# Tandy, Realastic. Radioshack. Torches



## Exide (Mar 28, 2011)

I remember this company when they were in England but sadly they are no more over here but are they still going in other countrys, We now have Maplins instead of Tandy.


----------



## Flying Turtle (Mar 28, 2011)

I had one like the one on the bottom. Remember the free battery cards they used to have?

Geoff


----------



## HotWire (Mar 28, 2011)

I had one like the small light and one like the gray light on the bottom. They gave you a card for your wallet. Each time you made a purchase they punched a hole in it and when you had enough holes punched--you got free carbon/zinc batteries.


----------



## flashlight_guy_! (Apr 21, 2011)

The battery card...that brings back memories!


----------



## Lynx_Arc (Apr 21, 2011)

I used to walk to radio shack once a month to get my free battery. I sold/traded my 5D cell light because I could never get enough batteries for it


----------



## MWClint (Apr 22, 2011)

Flying Turtle said:


> I had one like the one on the bottom.
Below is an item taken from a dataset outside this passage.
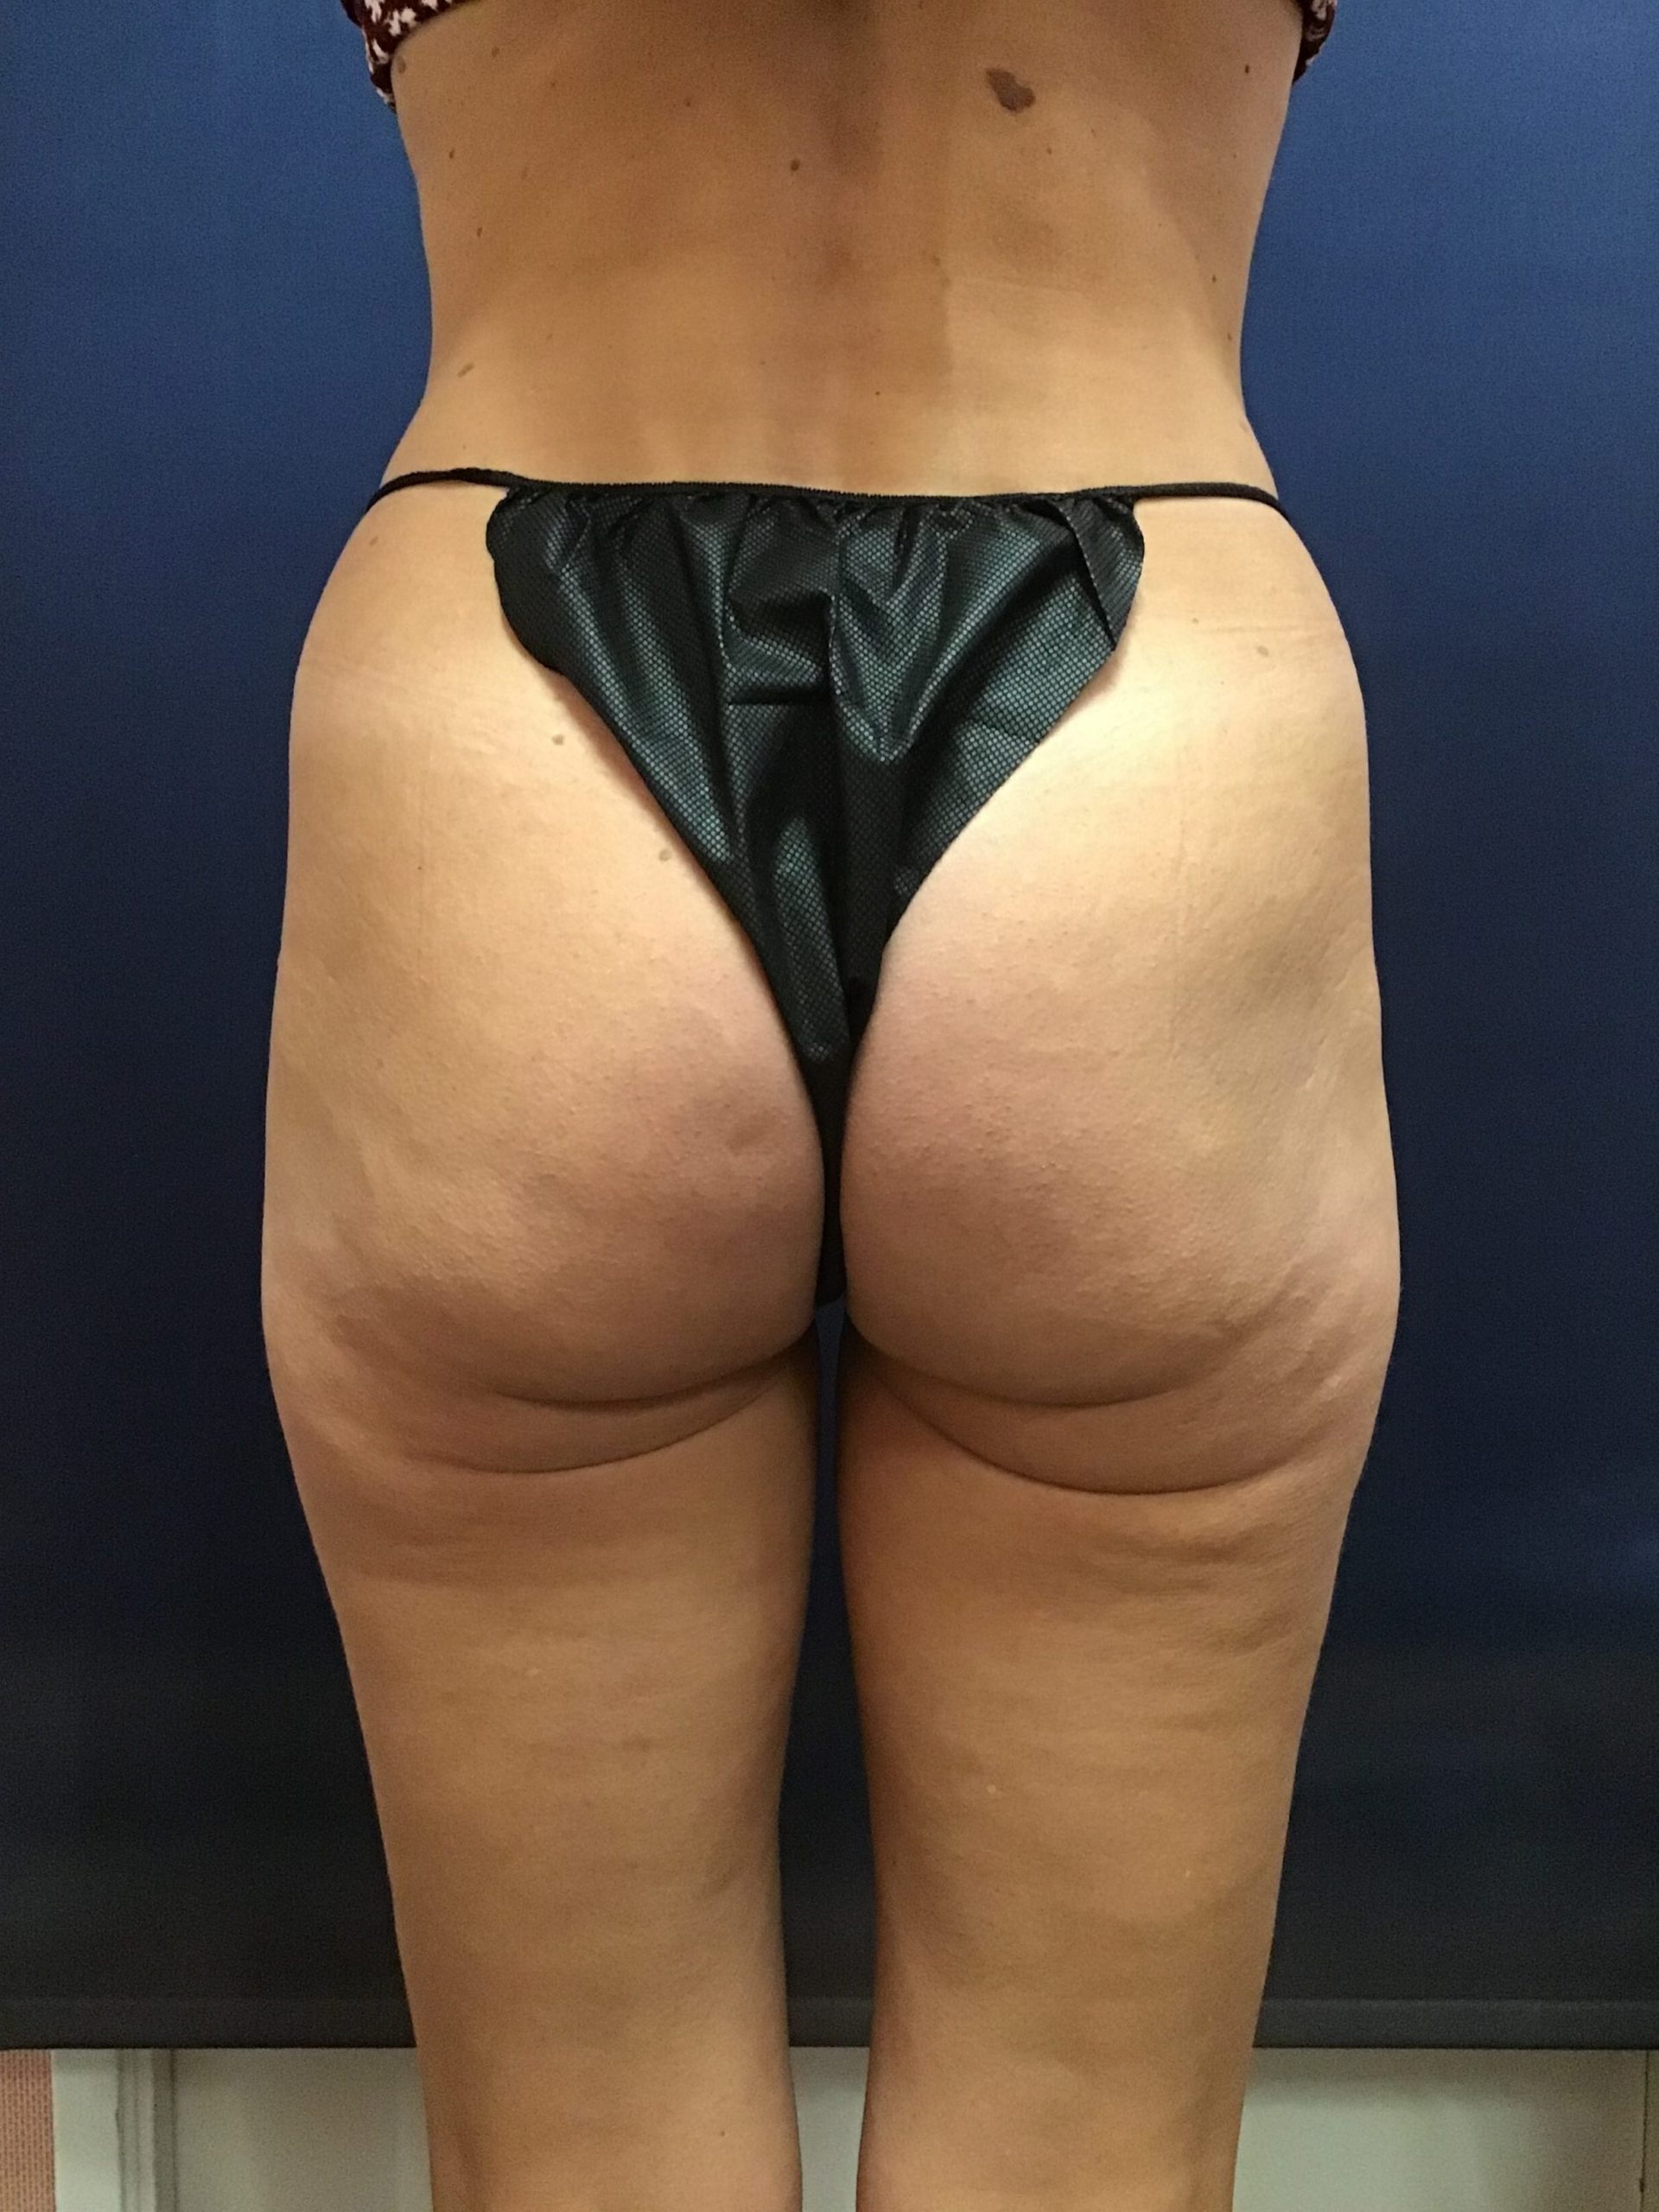 April's butt/back of thighs in January 2022, two months after receiving final QWO treatment at LJC

Remember the free battery cards they used to have?
> 
> Geoff


 
mine was similar, except it was black plastic with a yellow bezel.


----------



## parnass (Apr 22, 2011)

Flying Turtle said:


> Remember the free battery cards they used to have?
> 
> Geoff



I, too, had a few *Battery of the Month Club* cards and several "free" RS flashlights.


----------